Hmmm...How do I edit my stories for that? I kind of edit as I write. After I write a few paragraphs, I look back and read it, making all the little changes so that most of the TELL gets kicked out.
That's one good method.*Smile*

stephenm
Thanks for that. I am slowly coming to grips with the difference between the two. I particularly found the quote from Tara K Harper useful, I like the idea of emotional qualifiers; instead of telling 'fearless' show it by having the hero charge boldy at the rampaging bull ...
Now to put it into practice.
Thanks again
Hawk
I hope he's not wearing red! *Laugh*

Brians Next Novel Almost Done!
Thanks for mentioning my published novel with the comment I submitted two newsletters ago--how kind of you!

As for your latest question, honestly there are times when I tell because it will give me a way of thinking of how to show the reader something. I don't worry so much about show v. tell the first time through a story, but othere are times on edits and re-writes where simply looking at the telling will give me an idea for how to show it more appropriately.
Another great method. *Delight*

foxypaige6
Well, to edit parts that might lack the 'showing' factor I first see if it is necessary. I do this because sometimes, there are instances in which telling is the best way to go, especially if you do not wish to or need to evoke certain emotions in your readers at the time. I then determine what may need elaboration and I try to act it out myself.
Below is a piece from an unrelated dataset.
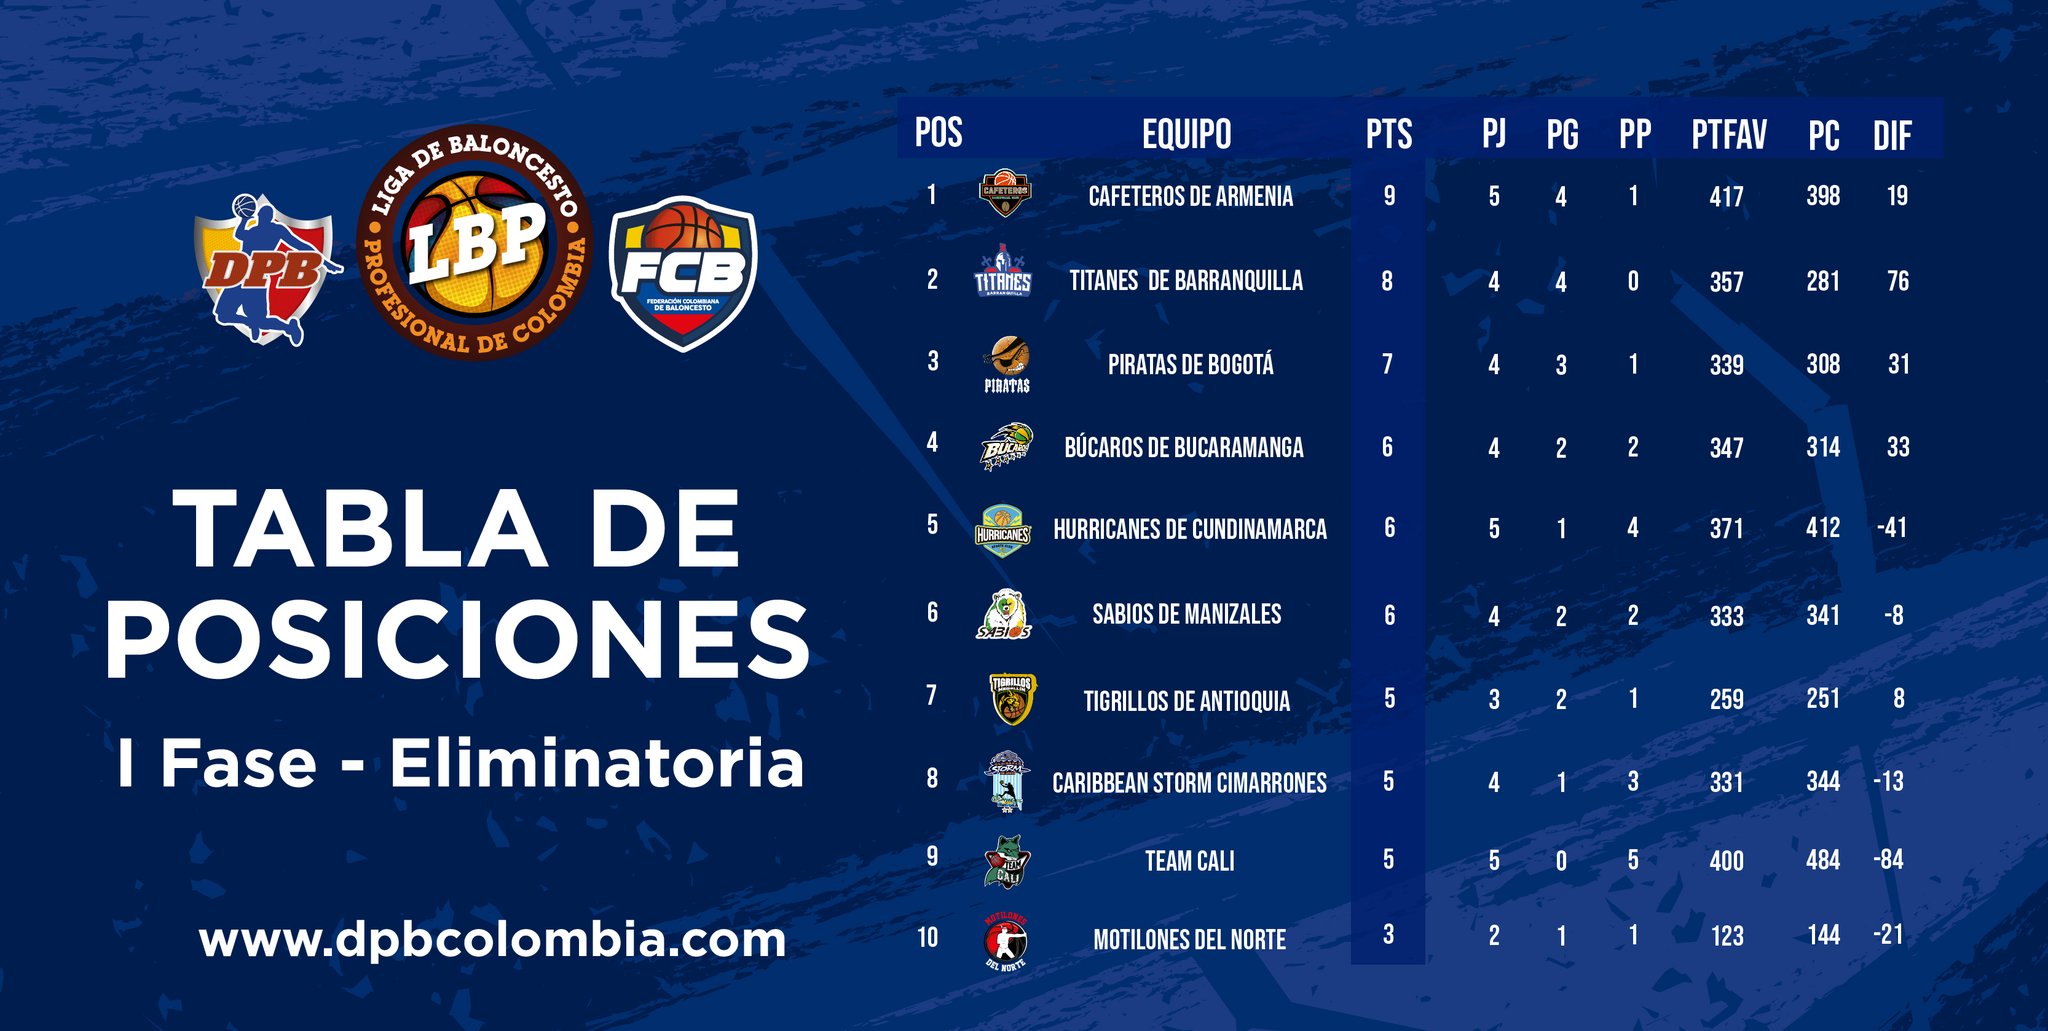 DPB Colombia on Twitter: "#LBP2021-1 | ¡ASÍ ESTÁ LA DE POSICIONES 📈📉 la tabla de posiciones de la Profesional de Baloncesto en esta primera fase eliminatoria, en la cual

I am into theatre and it really helps to simply do/say/or pose as your character to add depth to your writing.
*kayla*
Wonderful idea!

bazilbob
I think it's important to know that sometimes it's better to tell than show, they both have advantages and disadvantages, although the majority of a story should be shown, not told. Telling is important to pick the pace up a bit, it's a lot quicker and more direct, if you show all the time, the reader will get bogged down with all the details, and you could fall into the trap of being too abstract. I just though I'd put in a good word for telling too.
Thank you! Great comment!

schipperke
If your readers want to peruse a wonderful example of great detailed writing, check out Susan Vreeland's The Forest Lover. You will feel like you are in the wilds of Canada with her!
Thanks Schip!

Kudos from:
boohat
Thank you! This is Wonderful, plus, I love T.S. Eliot so thank you for writing his most famous poem, The Love Song of J. Alfred Prufrock. A very sad poem, though.

scribbler
Really great newsletter. One of my biggest pet peeves (along with many) is when the author tells you not shows you. Thanks!

jaya h
I enjoyed reading the newsletter. The tips are helpful and examples make it easy to follow.
Thanks,
Jaya H.

dusktildawn
Me - the Adverb Princess! What a great Newsletter. I definitely learned from it. Thank you so much~!

Thanks to everyone for their input! I love to hear from you!